**LISTED ENTRIES**
******************************
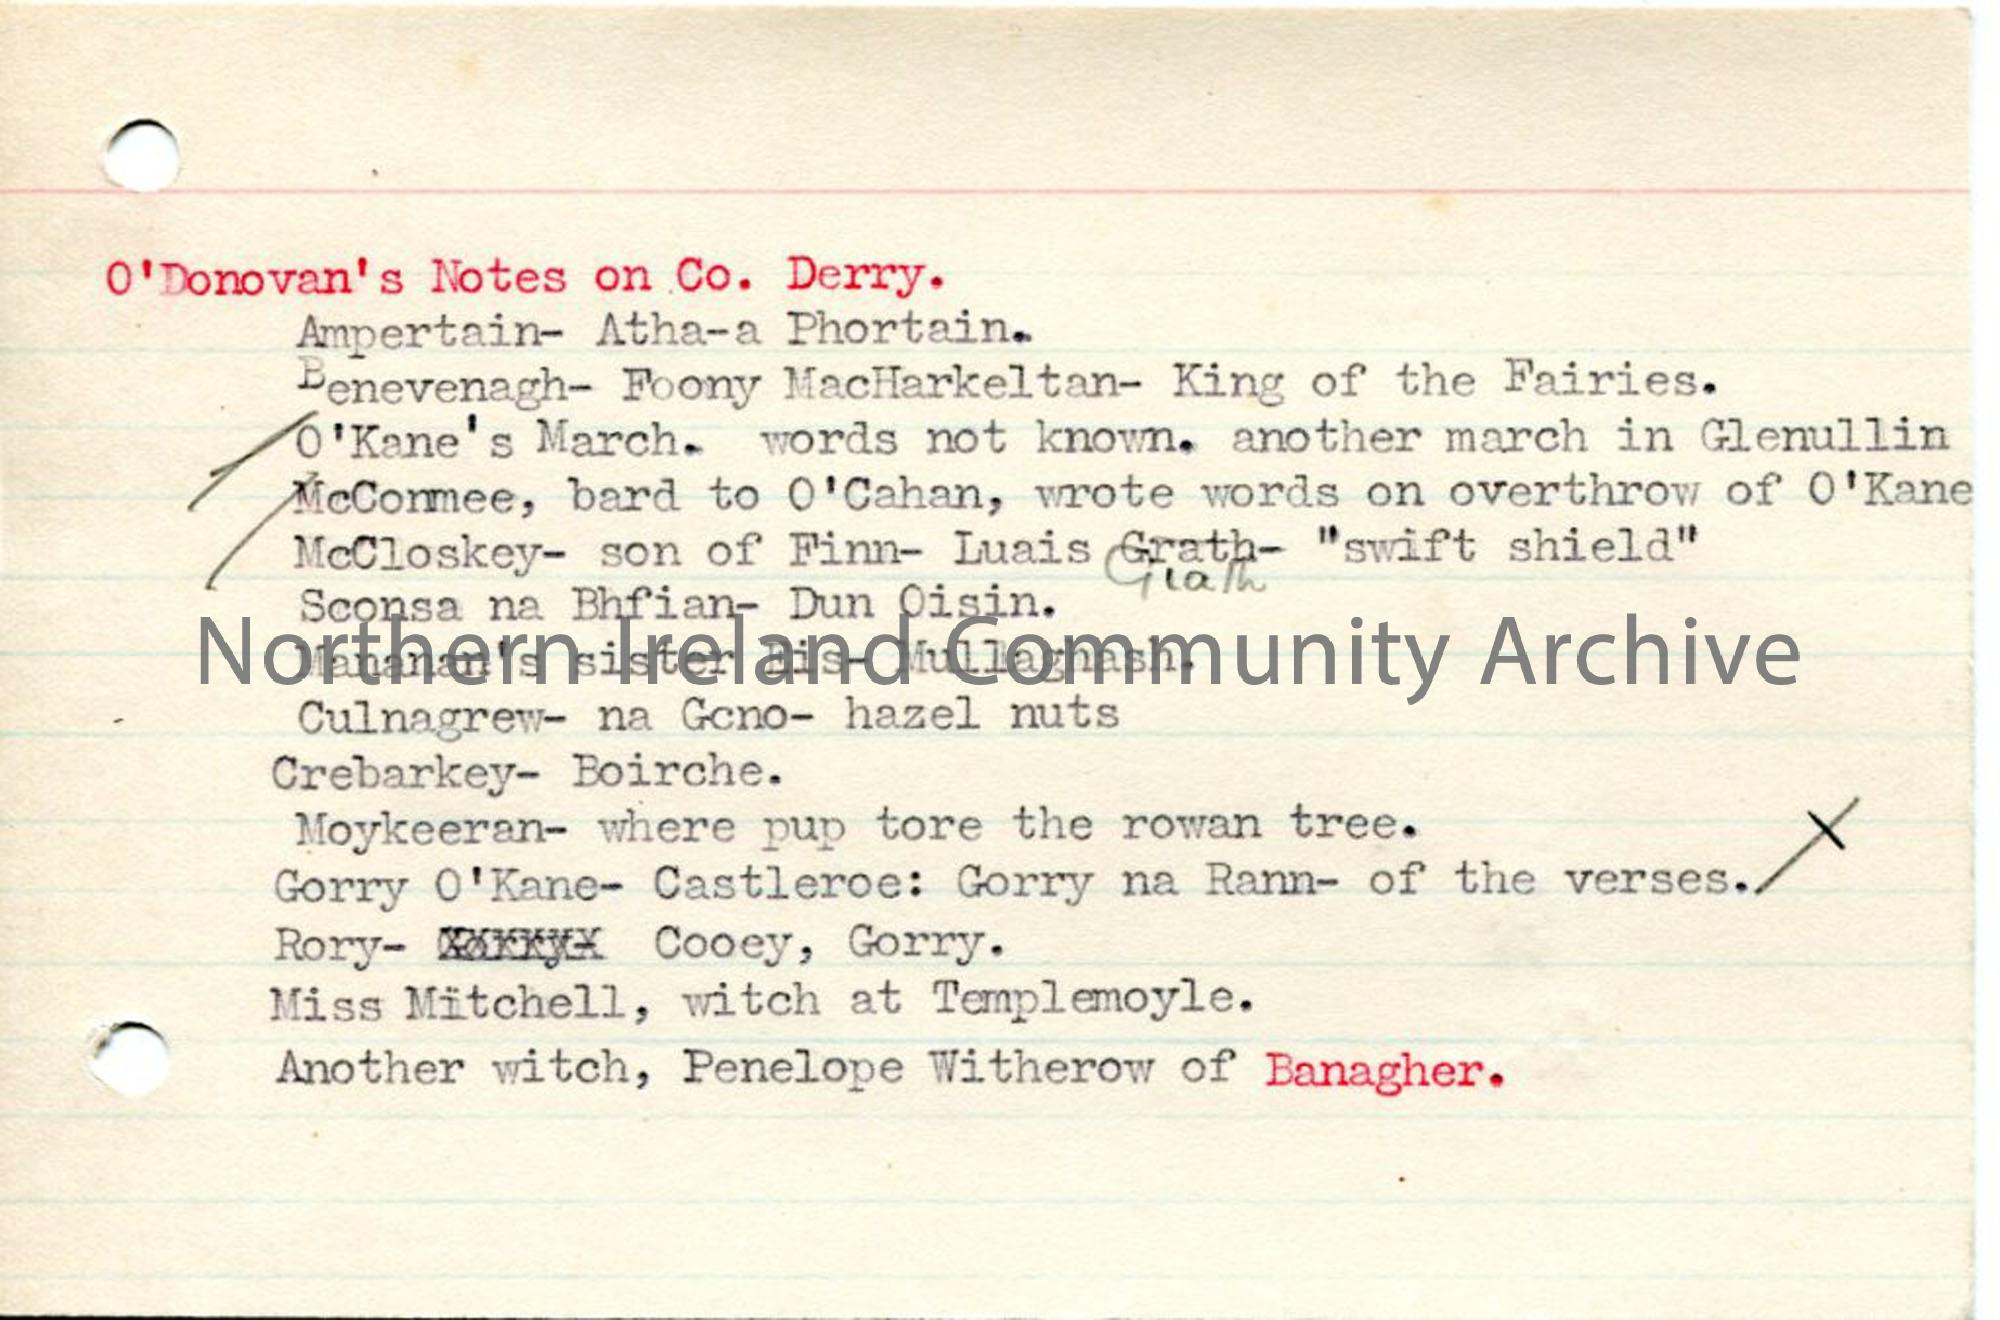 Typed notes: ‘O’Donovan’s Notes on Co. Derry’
******************************
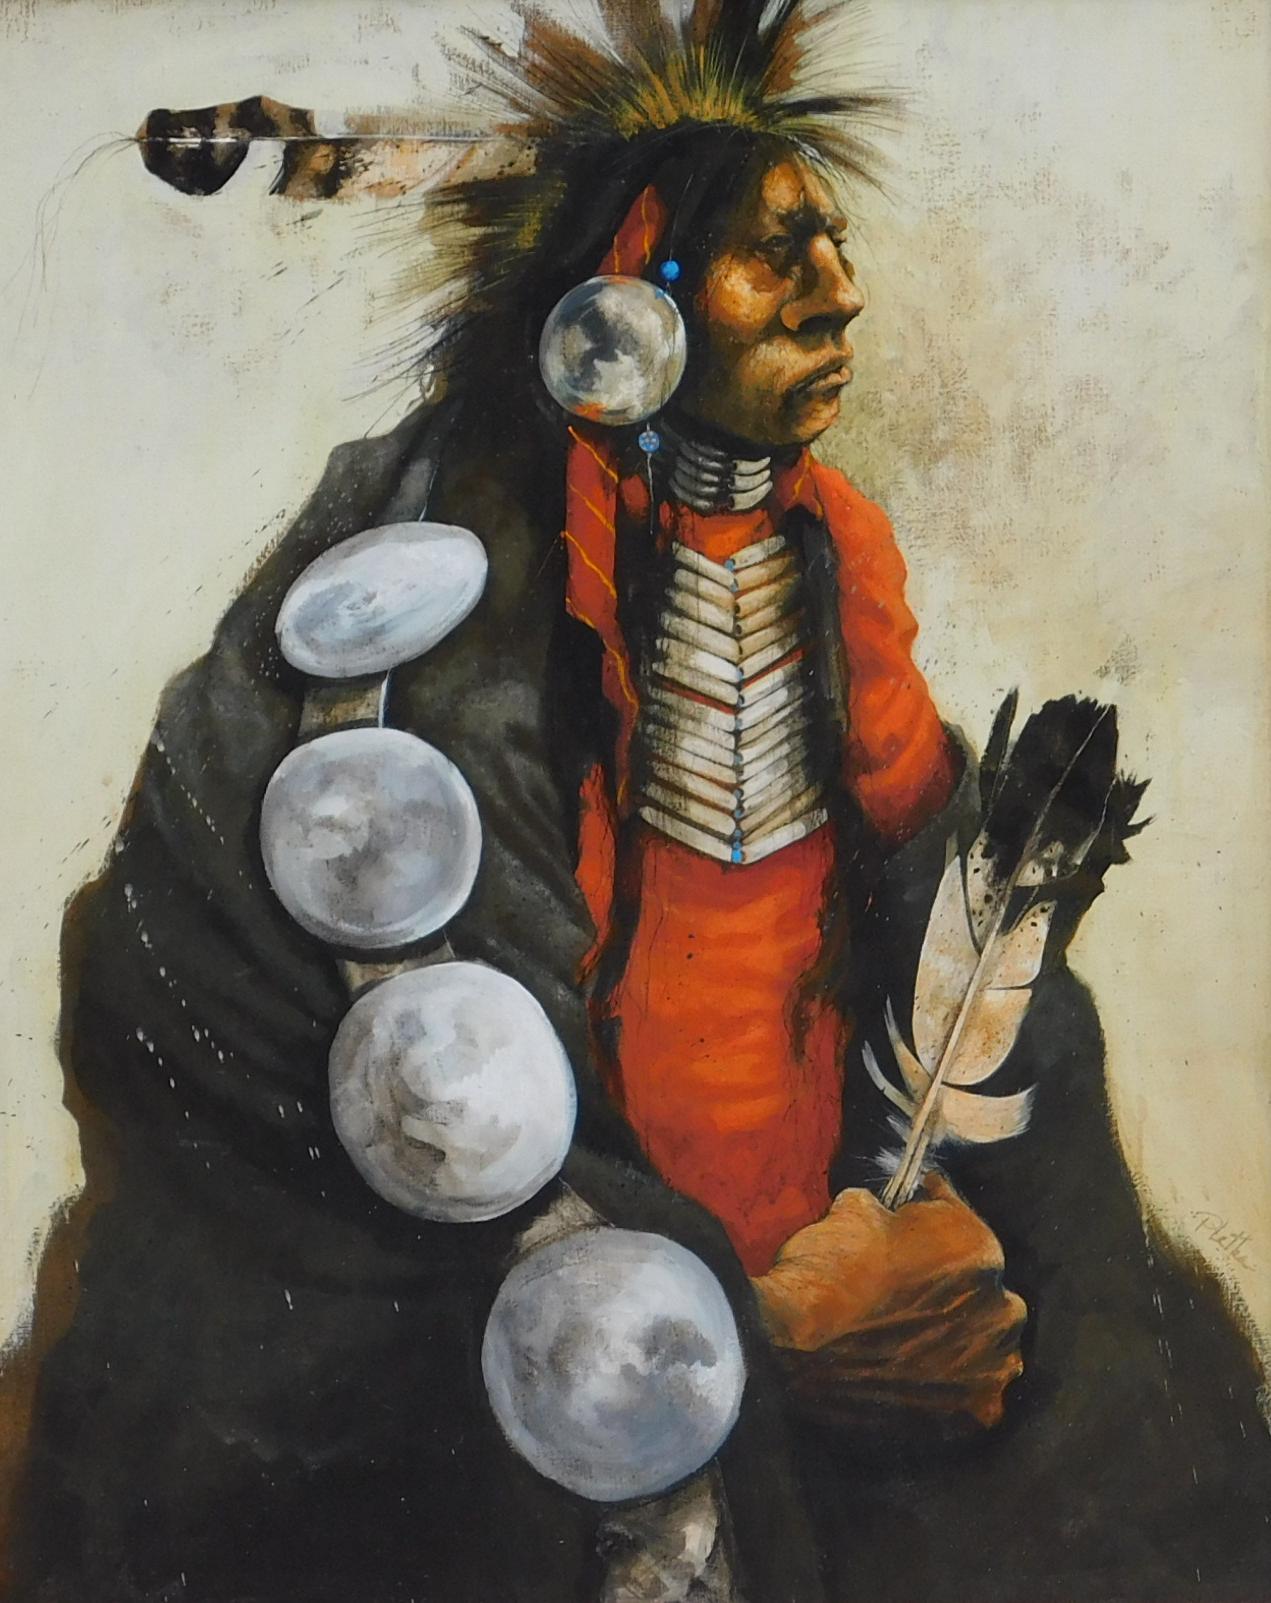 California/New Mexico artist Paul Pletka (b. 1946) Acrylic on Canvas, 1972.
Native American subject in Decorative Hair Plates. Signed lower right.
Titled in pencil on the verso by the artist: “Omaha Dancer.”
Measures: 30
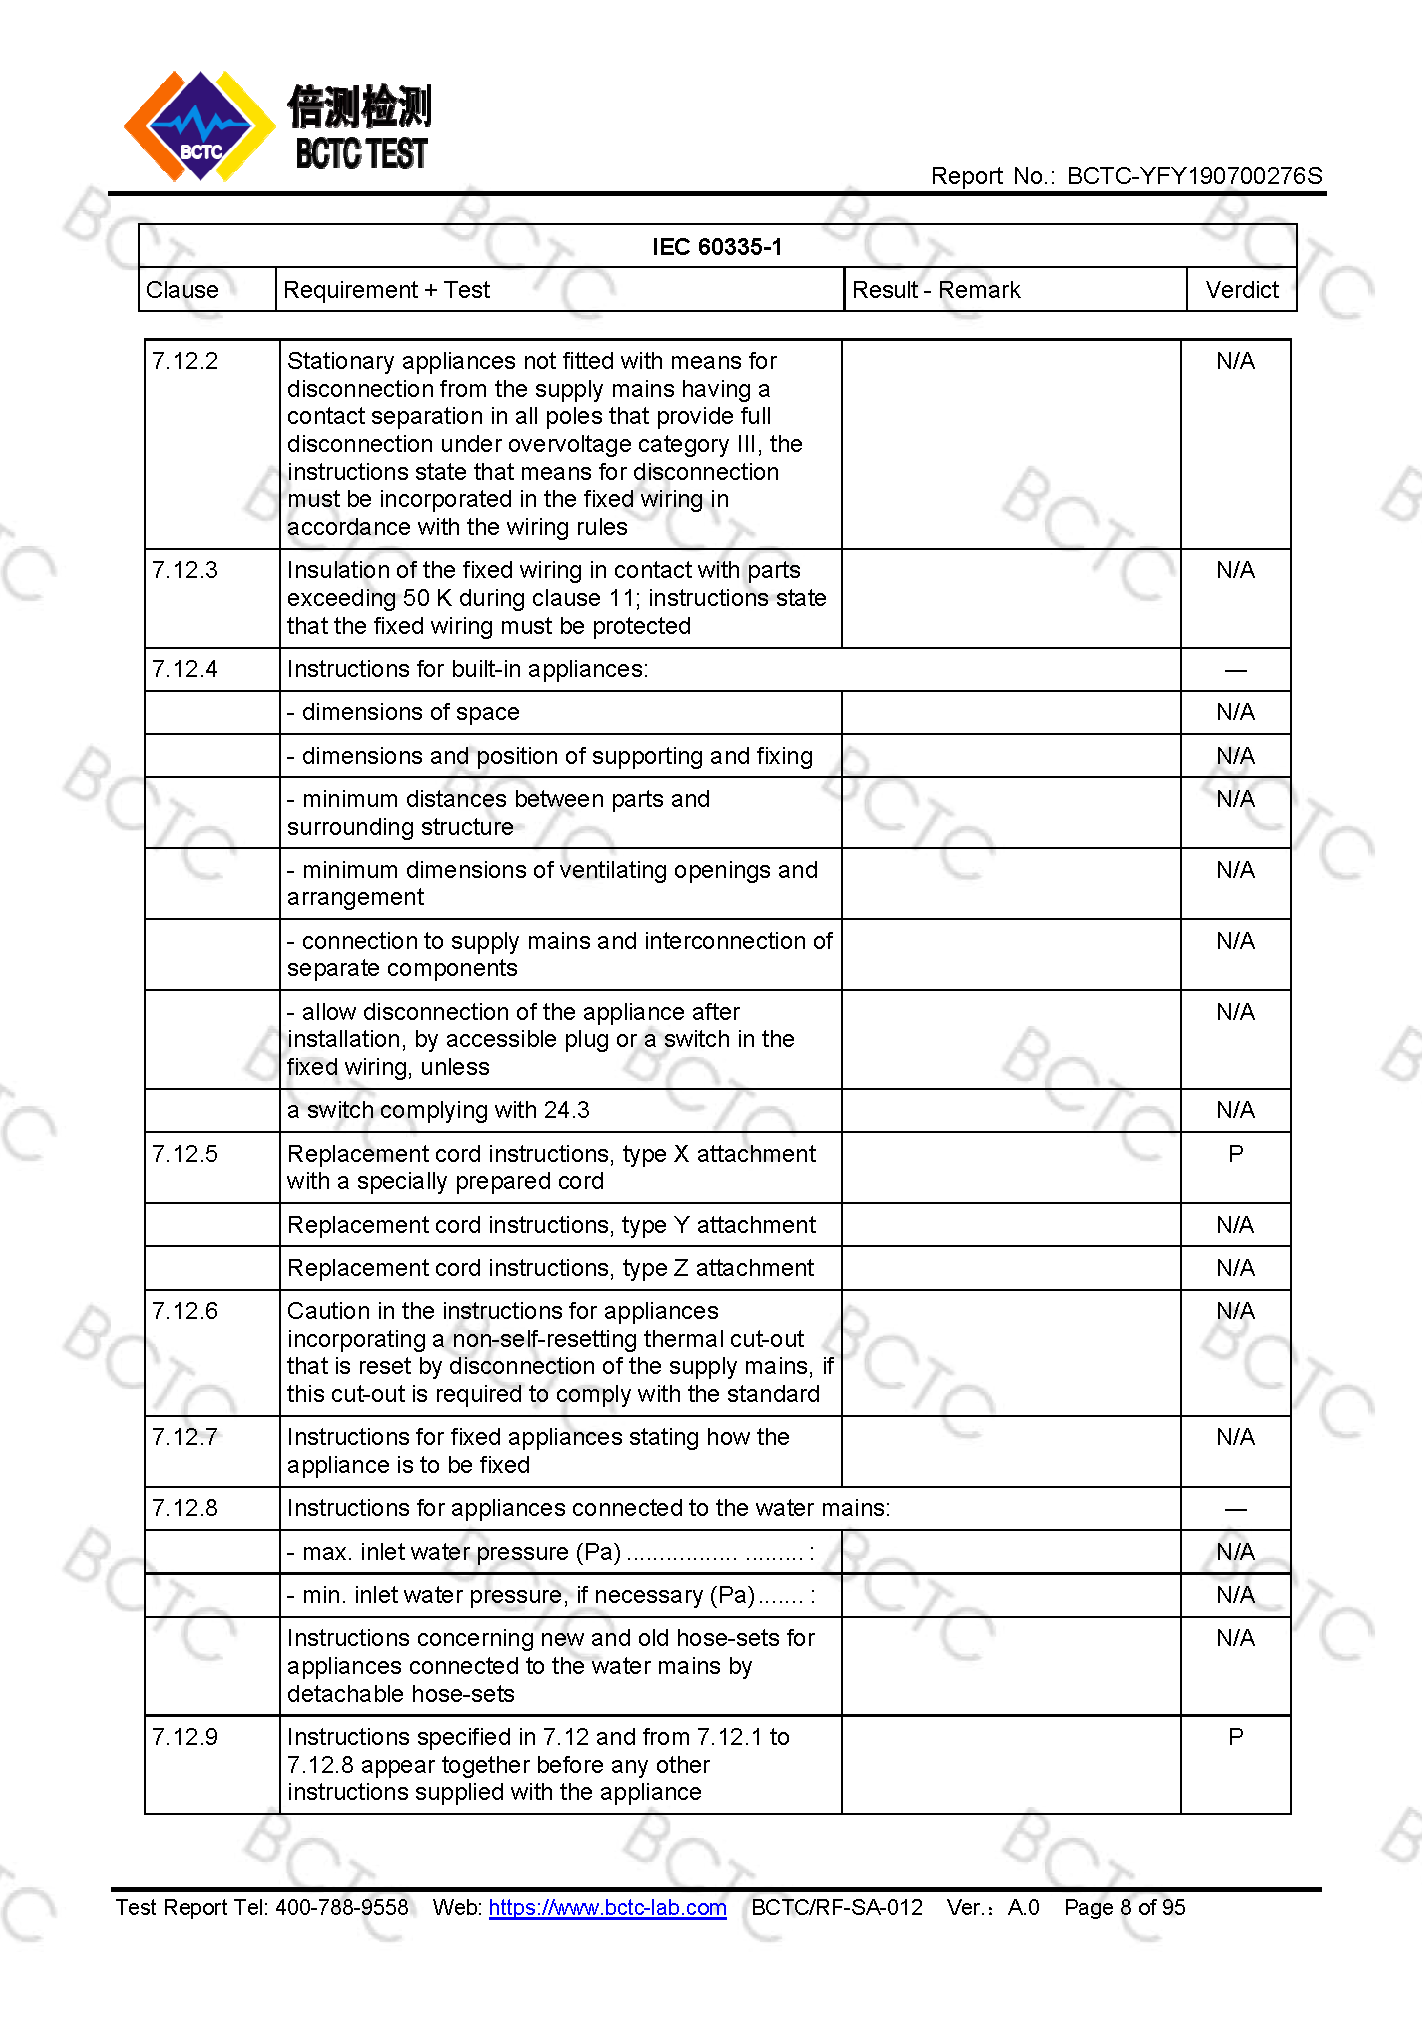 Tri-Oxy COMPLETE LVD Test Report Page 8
******************************
**ACTION ITEM**
Since the pictures are not part of the copy, please transcribe only the lines above from the one with "California/New Mexico artist" through the one with "Tri-Oxy COMPLETE LVD Test Report Page 8", exactly and with both ends.

**EXPECTED OUTPUT**
 California/New Mexico artist Paul Pletka (b. 1946) Acrylic on Canvas, 1972.
Native American subject in Decorative Hair Plates. Signed lower right.
Titled in pencil on the verso by the artist: “Omaha Dancer.”
Measures: 30
 Tri-Oxy COMPLETE LVD Test Report Page 8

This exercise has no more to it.